→ Task brief
Taking the data below, please print only the lines from the line holding "The thing is" to the line holding "Amazon seller pricing", inclusive, with pictures omitted.

*** Given information ***

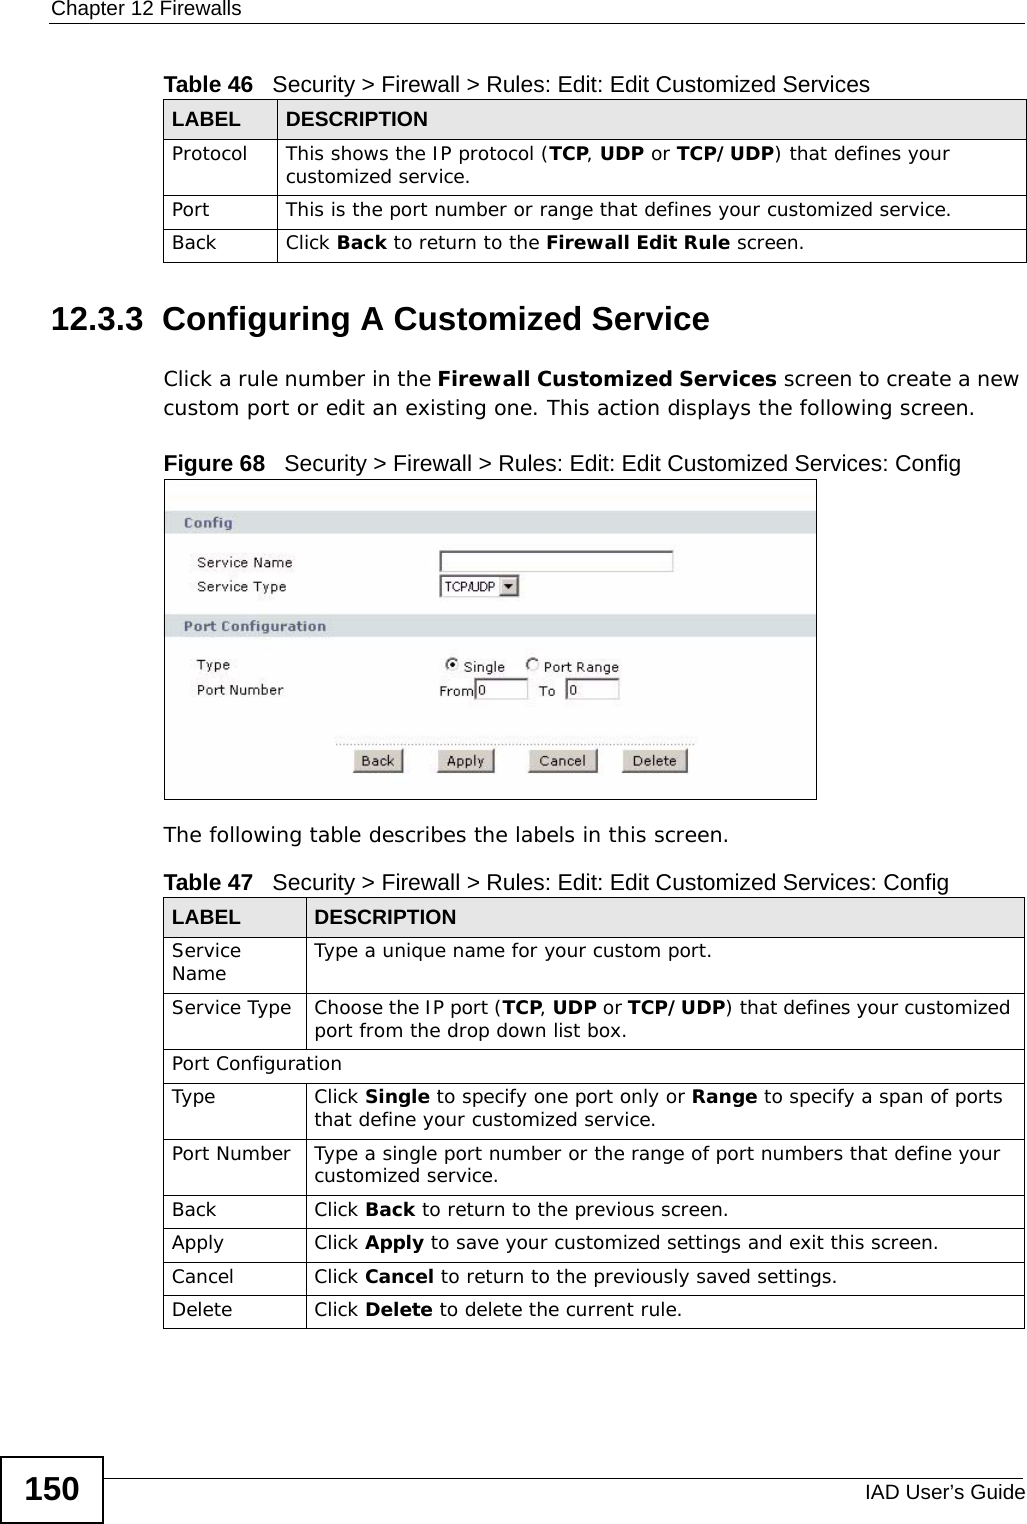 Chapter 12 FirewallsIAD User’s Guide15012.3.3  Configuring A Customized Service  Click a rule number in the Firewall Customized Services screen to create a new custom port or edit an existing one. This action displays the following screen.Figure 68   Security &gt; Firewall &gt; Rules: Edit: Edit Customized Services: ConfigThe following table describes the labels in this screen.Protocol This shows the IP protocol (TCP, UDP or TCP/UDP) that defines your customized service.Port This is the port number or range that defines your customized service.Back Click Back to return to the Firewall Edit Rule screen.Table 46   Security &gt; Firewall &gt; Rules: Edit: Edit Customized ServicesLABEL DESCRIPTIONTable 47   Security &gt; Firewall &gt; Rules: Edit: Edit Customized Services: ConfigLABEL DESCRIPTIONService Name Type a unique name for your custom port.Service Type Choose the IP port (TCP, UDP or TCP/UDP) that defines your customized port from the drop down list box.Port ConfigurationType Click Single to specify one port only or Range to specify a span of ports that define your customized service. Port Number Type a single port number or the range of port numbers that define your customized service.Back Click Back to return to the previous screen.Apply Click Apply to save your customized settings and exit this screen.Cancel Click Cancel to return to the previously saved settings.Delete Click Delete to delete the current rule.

***
*** Given information ***

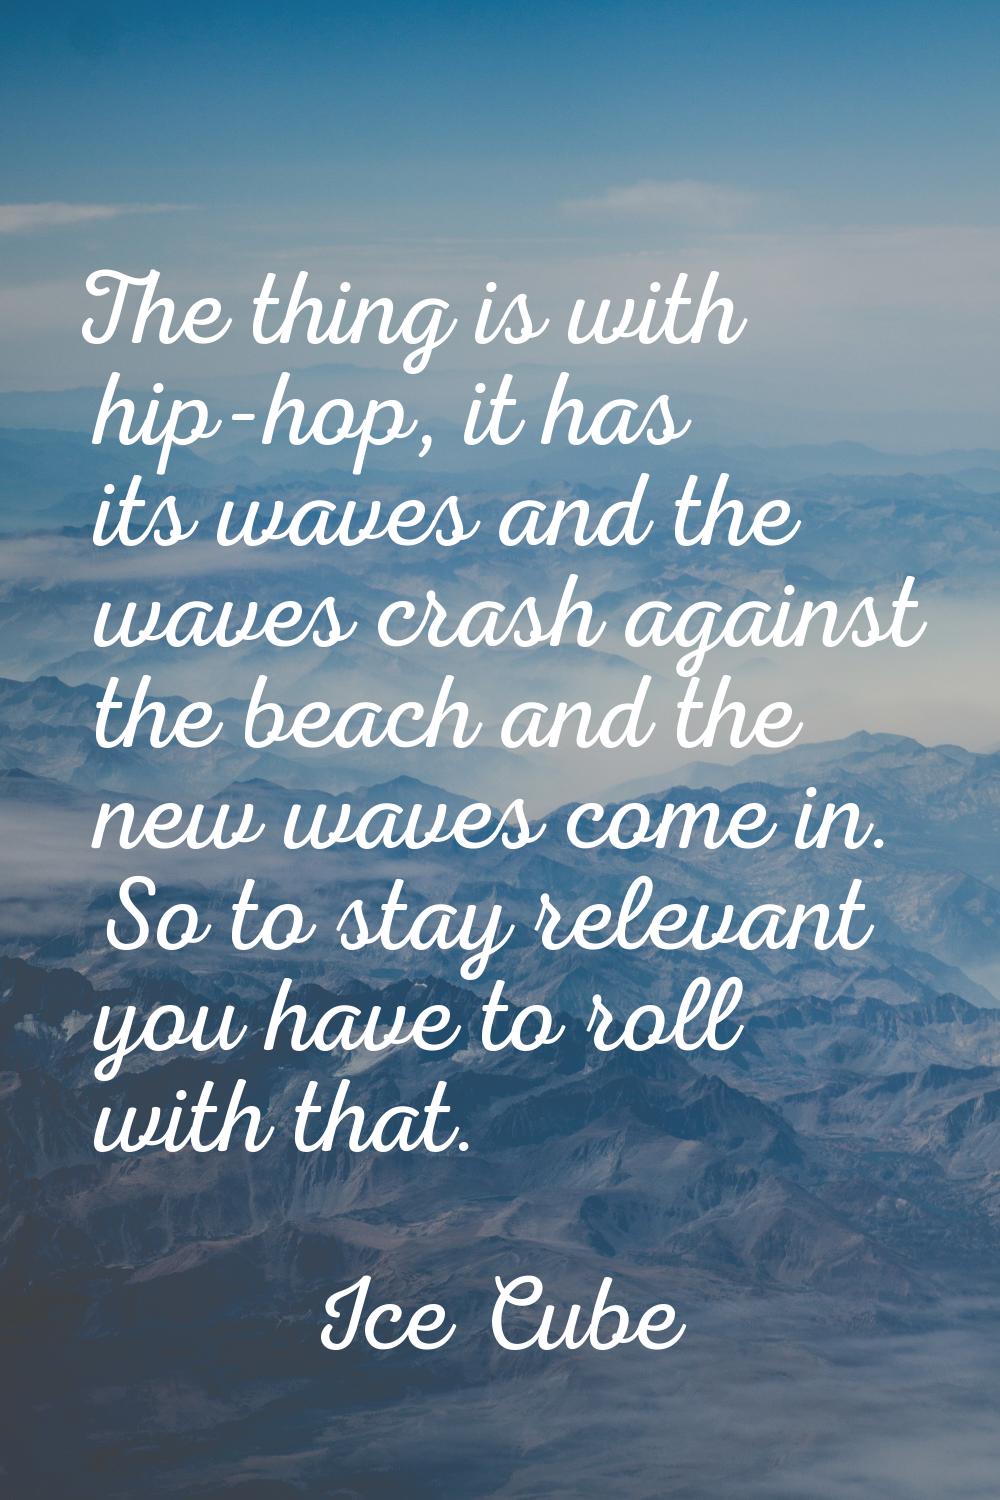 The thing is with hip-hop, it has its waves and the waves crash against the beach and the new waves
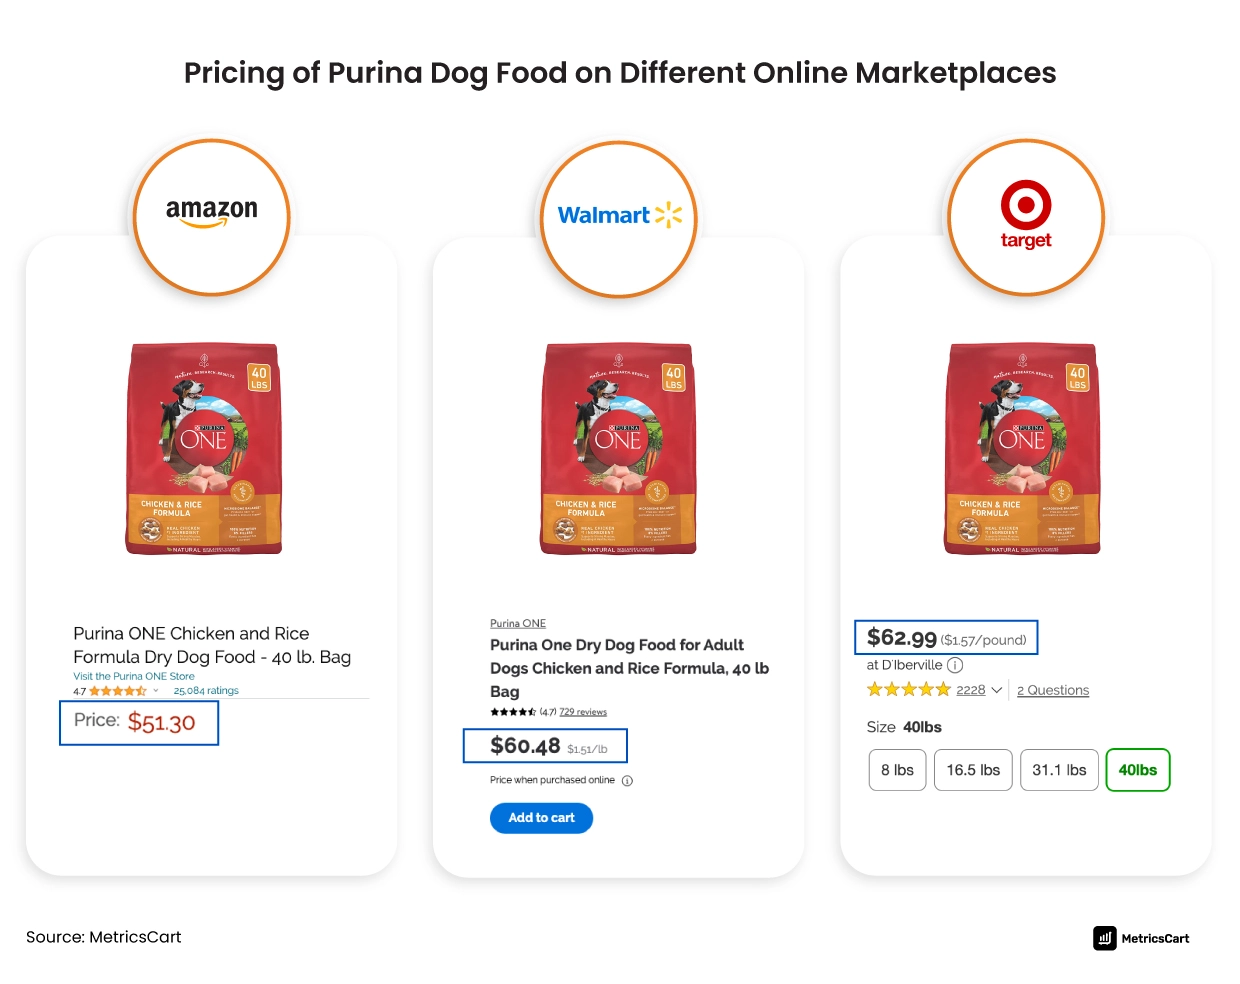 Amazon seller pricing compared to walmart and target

***
*** Given information ***

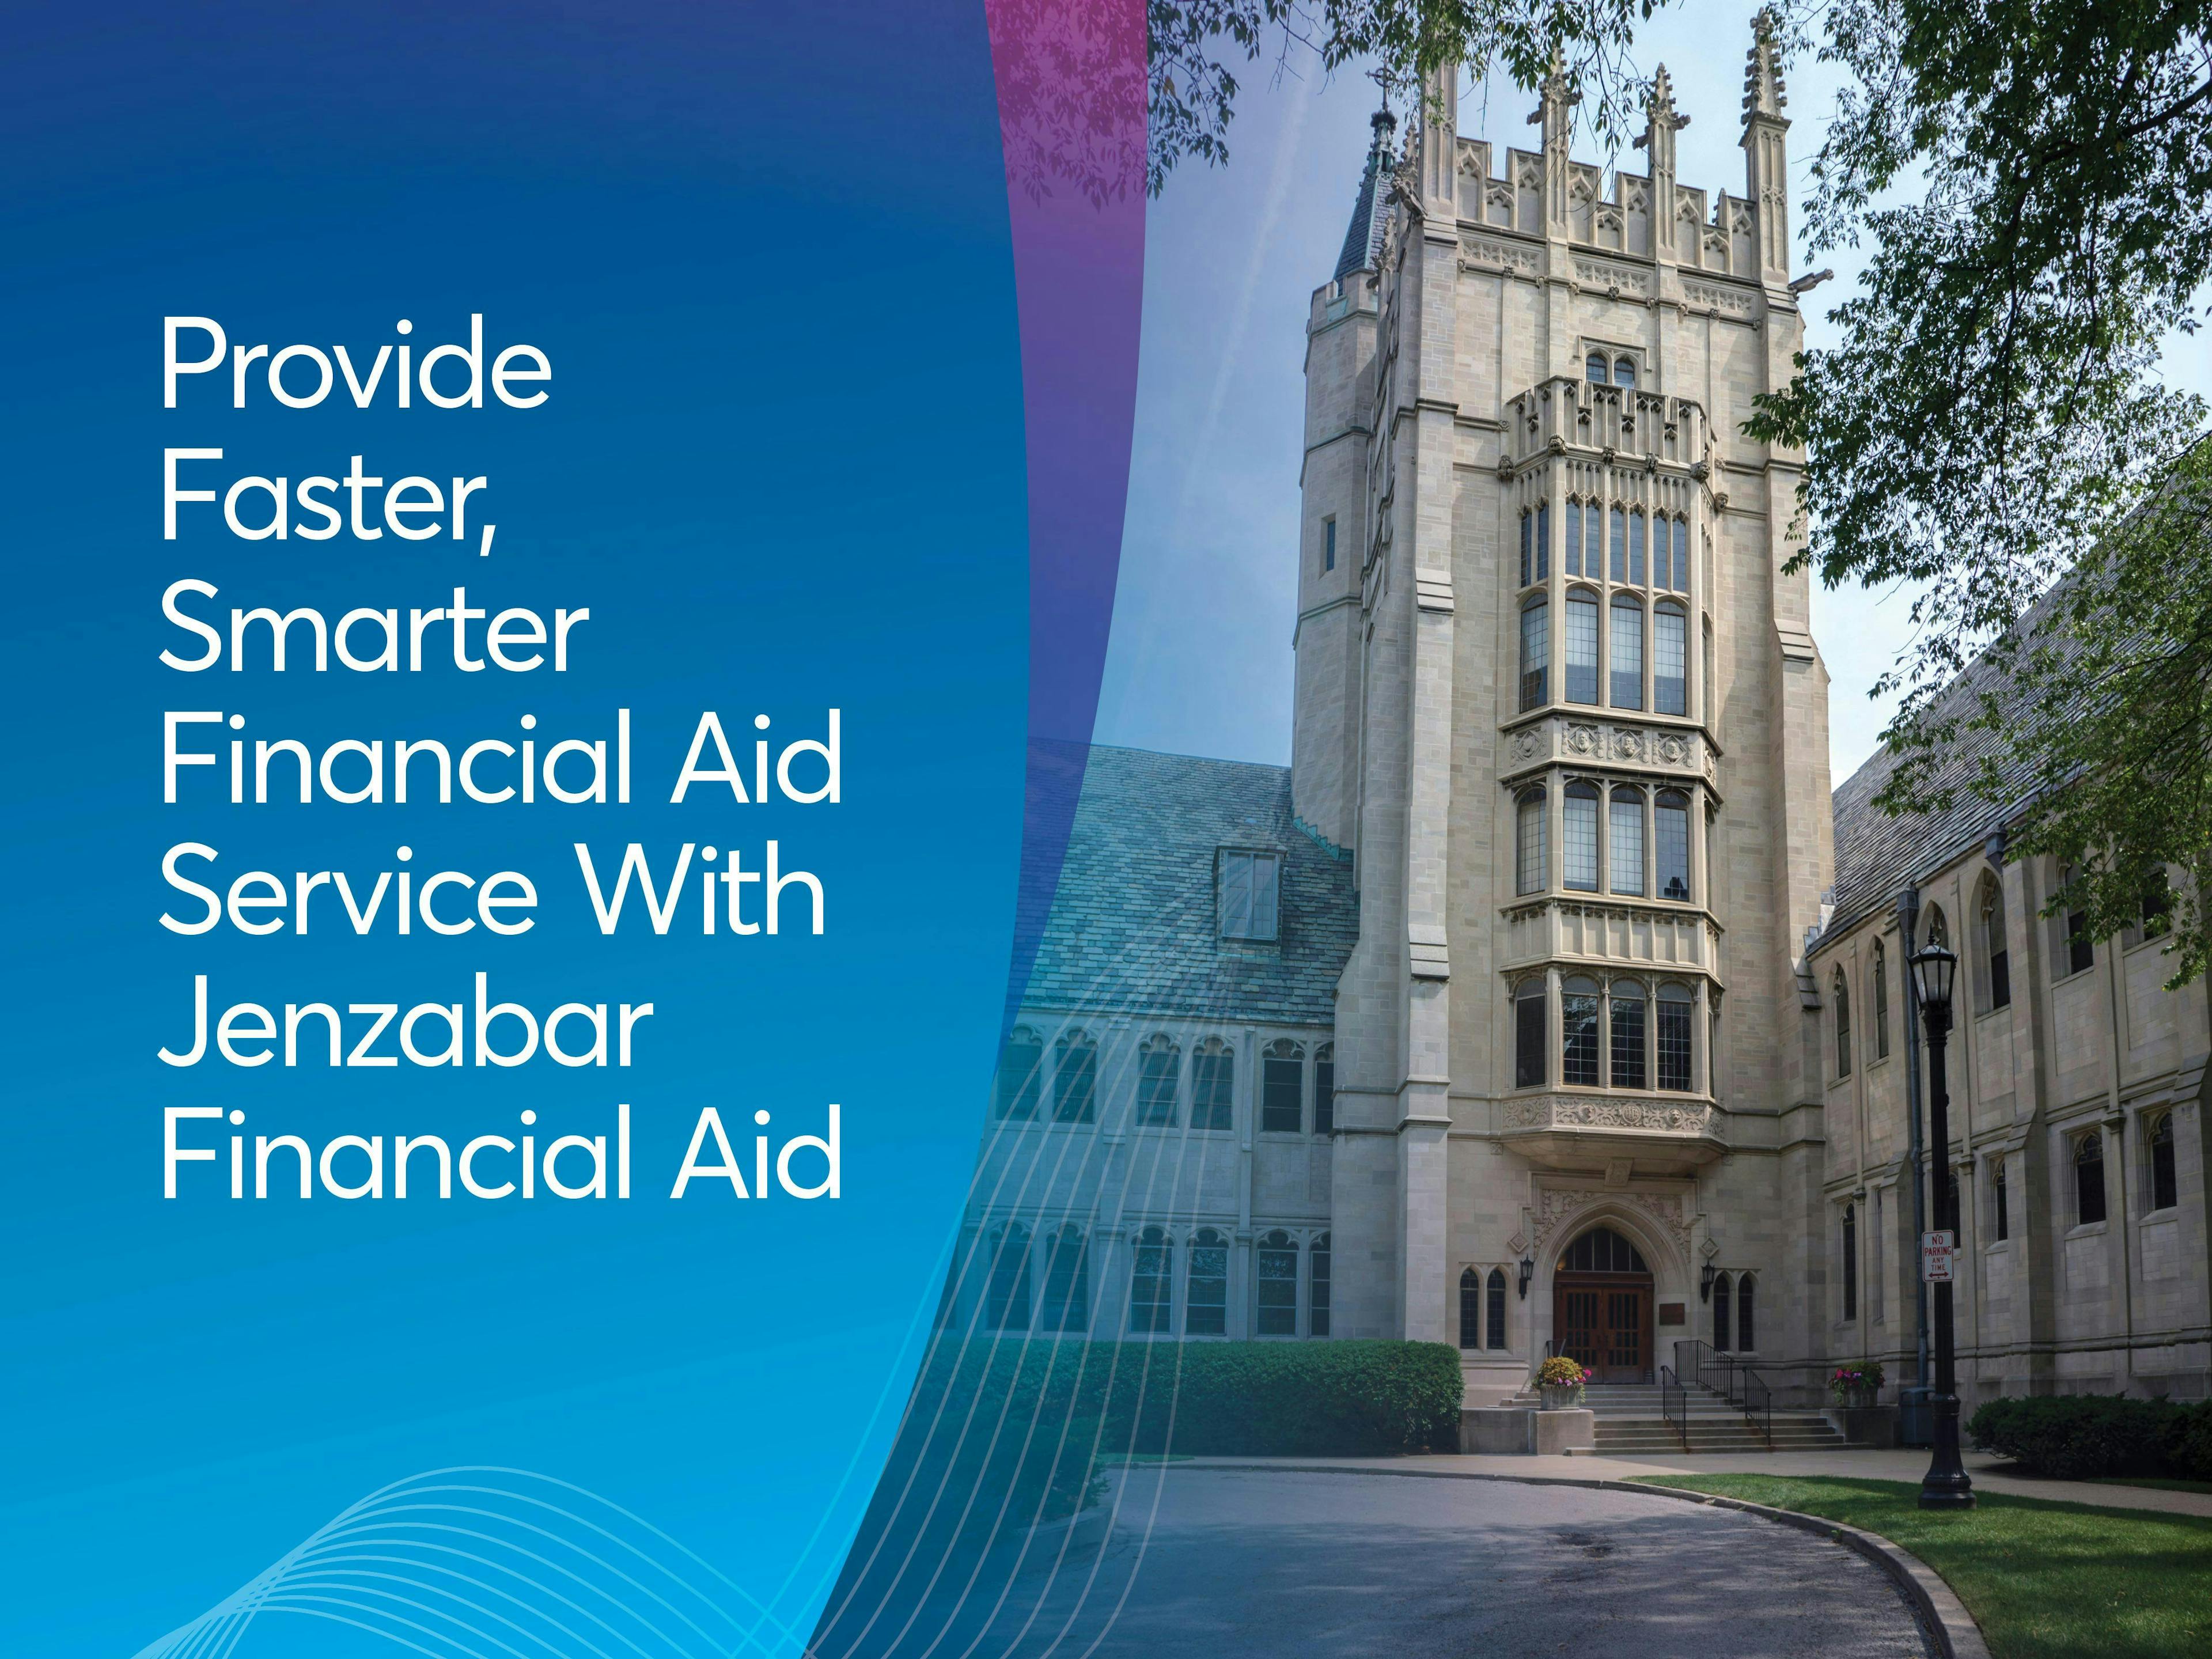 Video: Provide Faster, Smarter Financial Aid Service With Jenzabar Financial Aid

***

→ Task solution
 The thing is with hip-hop, it has its waves and the waves crash against the beach and the new waves
 Amazon seller pricing compared to walmart and target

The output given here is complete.